An observation fell from a gentleman, on the same side with myself, which deserves to be attended to.*** If we be dissatisfied with the national government, if we “should choose to renounce {415} it”, “this is an additional safeguard to our defence”.”
————–
Mr. GEORGE MASON “asked to what purpose the laws were read. The objection was, that too much power was given to Congress power that would finally destroy the state governments more effectually by insidious, underhanded means, than such as could be openly practiced. This, said he, is the opinion of many worthy men, not only in this Convention, but in all parts of America. These laws could only show that the legislature of this state could pass such acts. He thought they militated against the cession of this power to Congress, because the state governments could call forth the militia when necessary, so as to compel a submission to the laws; and as they were competent to it, Congress ought not to have the power. The meeting of three or four persons might be called an insurrection, and the militia might be called out to disperse them. He was not satisfied with {416} the explanation of the word “organization” by the gentleman in the military line, (Mr. Lee.)”
“….Mr. MASON then observed that he would willingly give them exclusive power, as far as respected the “police and good government of the place”; but he would give them ->no More”
December 3rd, 2008 at 2:36 pm
An important warning by Patrick Henry and Mr. Corbin in the same debate should warn those distributing and using these devices:
Patrick Henery: “…We are told, we are afraid to trust ourselves; that our own representatives Congress will not exercise their powers oppressively; that we shall not enslave ourselves; that the militia cannot enslave themselves; Who has enslaved France, Spain, Germany, Turkey, and other countries which groan under tyranny?
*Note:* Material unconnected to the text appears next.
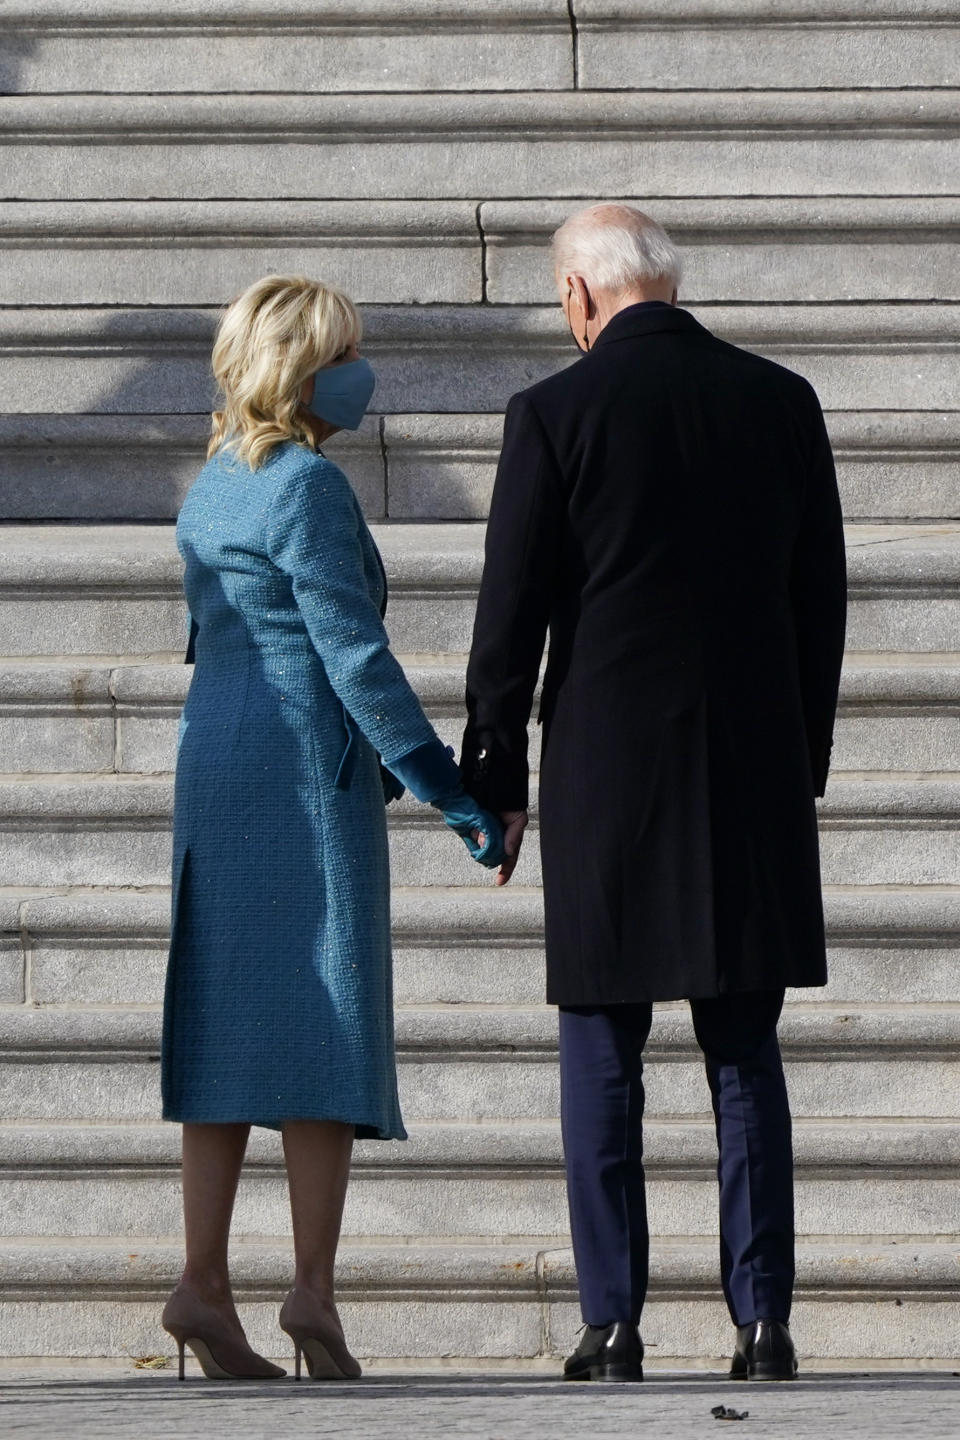 President-elect Joe Biden and his wife Jill Biden arrive at the steps of the U.S. Capitol for the start of the official inauguration ceremonies, in Washington, Wednesday, Jan. 20, 2021. (AP Photo/J. Scott Applewhite)

They have been enslaved by the hands of their own people. If it will be so in America, it will be only as it has been every where else.”
Mr. Corbin: “…Animadverting on Mr. Henry’s observations, that the French had been the instruments of their own slavery, that the Germans had enslaved the Germans, and the Spaniards the Spaniards; he asked if those nations knew any thing of “representation”. The “want” of “this knowledge” was the “principal” cause of their bondage.”